Если бактерию, уже зараженную Т-четным фагом, спустя несколько минут вновь

инфицируют этим же фагом, то второй контингент фага не участвует в

размножении (так называемое исключение при суперинфекции) и не передает

своей ДНК потомству. Было показано, что ДНК фаговых частиц, попавших в

клетку при повторном заражении, разрушается (разрушение при

суперинфекции). Оба этих процесса находятся под контролем активируемых в

клетке-хозяине фаговых генов, функция которых может нарушаться при

соответствующих мутациях.

Сборка вирионов

В отличие от ранних этапов развития фага ход сборки капсидов и полных

вирионов не программируется последовательной экспрессией фаговых генов. По-

видимому, все белки вириона и другие поздние белки, как, например, лизоцим

фага, синтезируются более или менее одновременно и, накапливаясь, образуют

«фонд предшественников». Отсюда они извлекаются путем прямого

специфического взаимодействия с другими белковыми молекулами, в результате

чего возникают субструктуры, которые затем собираются уже в цельные

вирионы. Общий ход сборки стал понятен из результатов опытов in vivo с

мутантными фагами и при изучении лизатов; однако после того, как была

открыта возможность сборки предобразованных фаговых предшественников in

vitro, с помощью этого эффективного метода было получено много новых

данных. Сборка вириона состоит из четырех основных этапов, приводящих к

образованию промежуточных структур, взаимодействующих между собой лишь в

определенных критических точках.

Базальная пластинка фагового отростка построена из 15 белков, в синтезе

которых , кроме основных ,участвуют и некоторые другие гены. Весьма

интересно, что пластинка содержит, по-видимому, несколько молекул двух

кодируемых фагом ферментов - дигидрофолатредуктазы и тимидилатсинтетазы, а

также некоторое количество фолиевой кислоты.

Собранная базальная пластинка после присоединения к ней белка гена Б4

служит затравкой для сборки стержня отростка, состоящего из 144 молекул

продукта гена 19. Вокруг стержня происходит сборка чехла, представляющего

собой полимер, построенный из 144 молекул продукта гена 18. Продукты двух

других генов стабилизируют всю эту структуру. Непонятно, каким образом

достигается постоянство длины стержня при сборке. Возможно, что существуют

еще какие-то линейные белки, отмеряющие нужное расстояние, или контакт с

базальной пластинкой придает субъединицам стержня такую специфическую

конформацию, которая имеет минимум свободной энергии только в случае

определенного размера стержня. Эта последняя гипотеза указывает на то, что

процесс сборки, возможно, не является чисто механическим.

Оболочка фаговой головки, построенная из более чем 10 белков, образуется в

результате активности многих генов. Основной из них представляет собой

продукт гена 23, входящий в состав законченной головки лишь после

отщепления от основного полипептида фрагмента с мол. весом 10000.

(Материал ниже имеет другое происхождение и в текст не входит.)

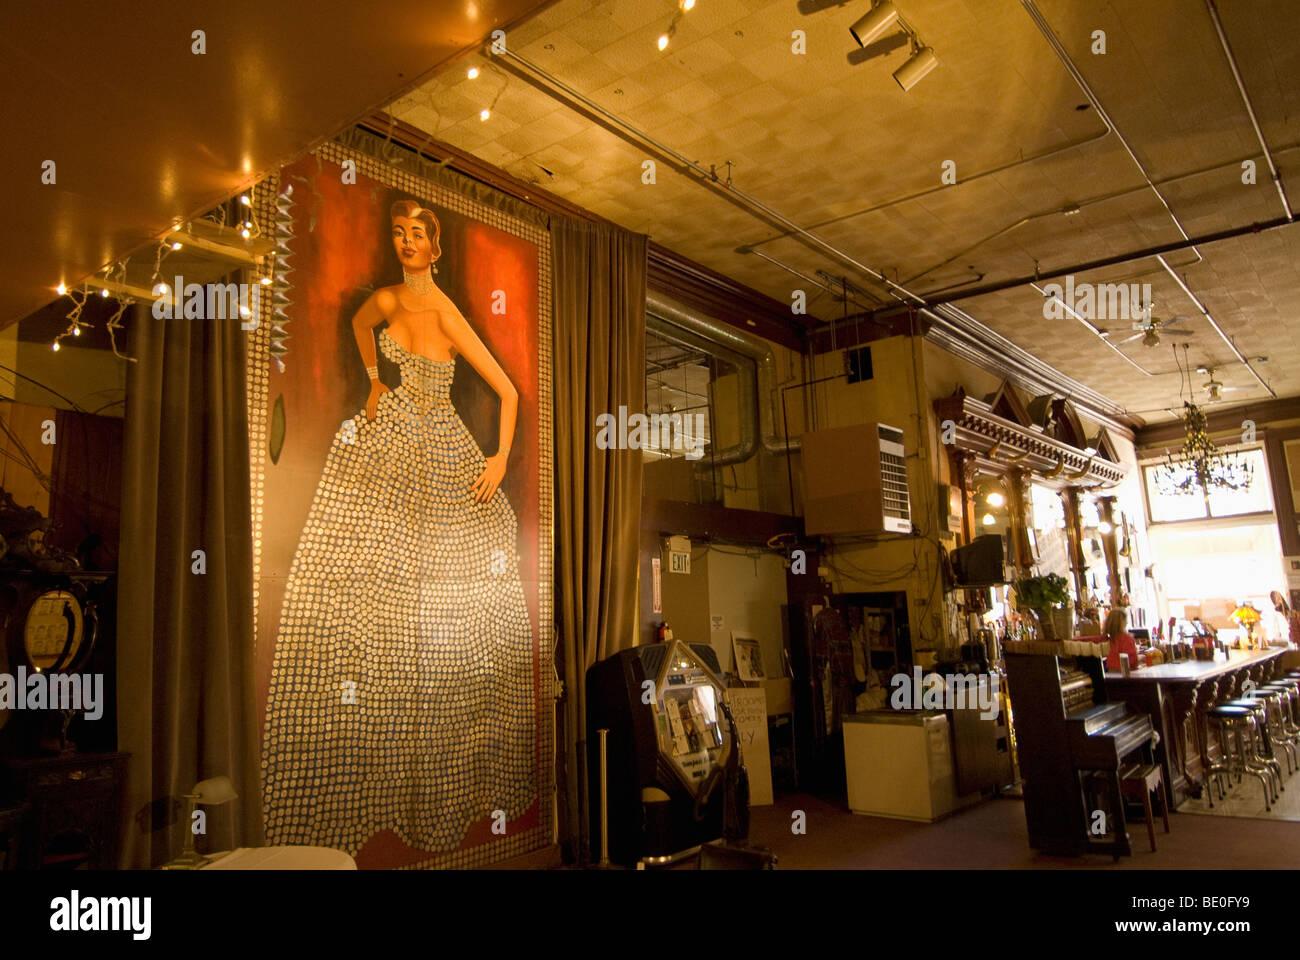 Silver Queen Saloon, Virginia City, NV - Stock Image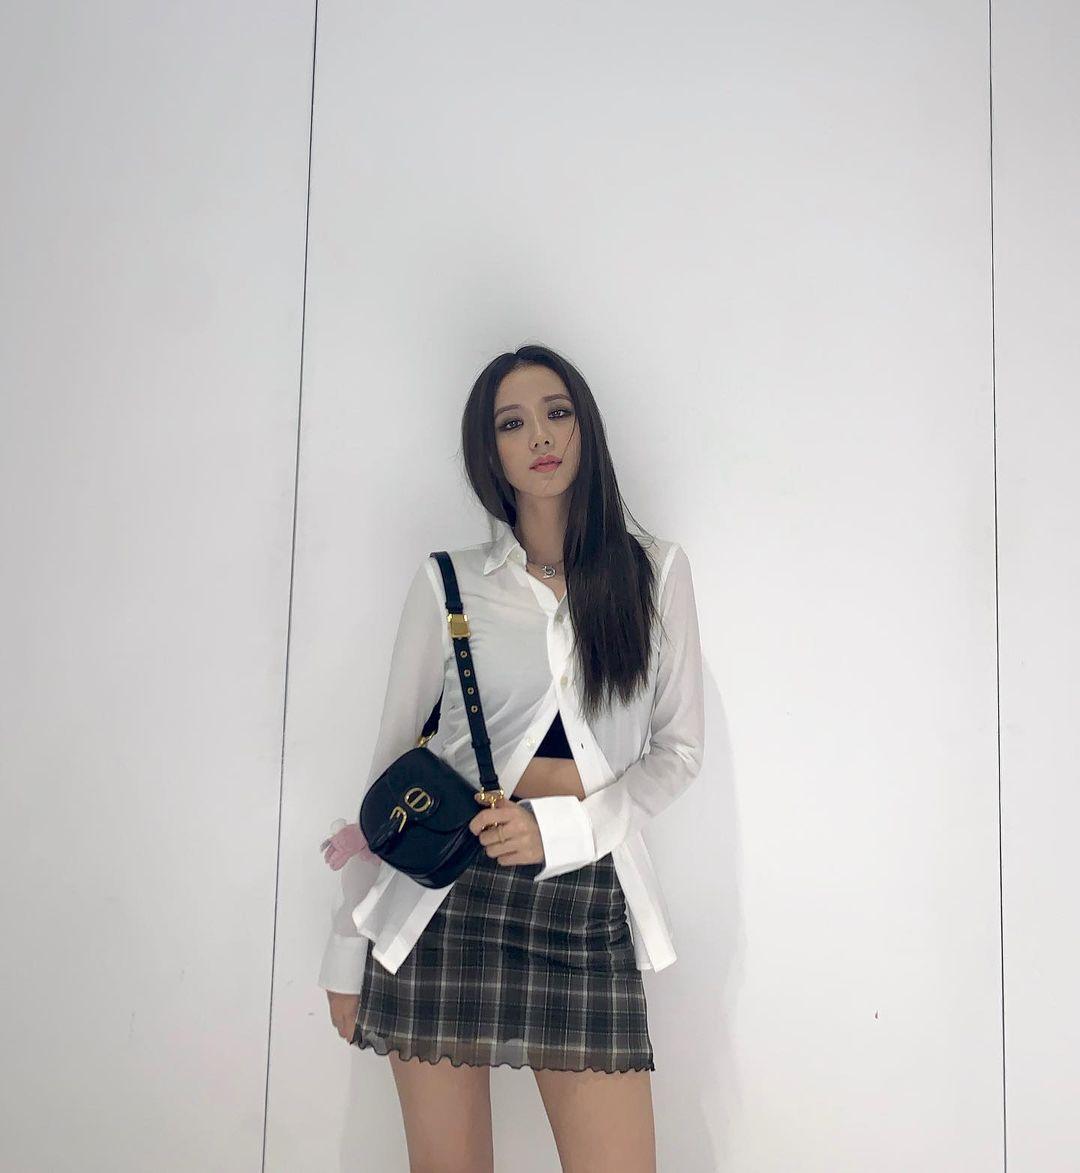 Mix & Phối - Jisoo rất hiếm khi mặc váy dài lượt thượt, nhìn ảnh so sánh vóc dáng cách biệt khi mặc váy ngắn - dài sẽ hiểu ngay lý do - chanvaydep.net 3

Протеолиз осуществляется главным образом продуктом гена 22, а также,

возможно, гена 21, отсутствующим в зрелом вирионе. Однако белок гена 22

представляет собой, по существу, внутренний белок, превращающийся в ,конце

концов, в результате самопереваривания в мелкие пептиды, причем некоторые

из них остаются в головке фага. Здесь присутствуют также и другие

внутренние белки, подвергающиеся частичному перевариванию белком гена 22.

После окончания раздельной сборки головки и отростка они самопроизвольно

объединяются как in vitro, так и in vivo.

Нити отростка состоят из продуктов четырех генов. Их сборка идет

независимо, но прикрепляются они к базальной пластинке только после

соединения головки и отростка. Для этой реакции нужен белок гена 63, а

также взаимодействие с «усиками», которые прикреплены к воротничку,

расположенному между головкой и отростком.

Головка фага имеет специфическую форму, определяемую белком гена 23 и

другими белками. Ее строение изменяется в результате мутаций

соответствующих генов. Нормальная головка фага 74 имеет форму неправильного

икосадельтаэдра, по длинной оси которого расположен дополнительный ряд

субъединиц, состоящих из 840 копий белка гена 23. Субъединицы белка гена

20 располагаются на вершинах. Такая форма головки отражает наличие

определенных пространственных ограничений, накладываемых белок - белковыми

взаимодействиями. При отсутствии этих ограничений строение фага сильно

изменяется.

Бактериофаг (

Бактериофаг ( является умеренным фагом, т.е. он может либо переходить

из клетки в клетку в процессе инфекции, либо передаваться от одного

поколения к другому в ходе размножения данного бактериального штамма. В

последнем случае латентный геном фага называется профагом, а клетки,

несущие такой профаг, - лизогенными. Присутствие генома фага в лизогенной

культуре можно обнаружить при спонтанном освобождении фага из небольшой

части клеточной популяции, в которой произошло спонтанное развитие фага.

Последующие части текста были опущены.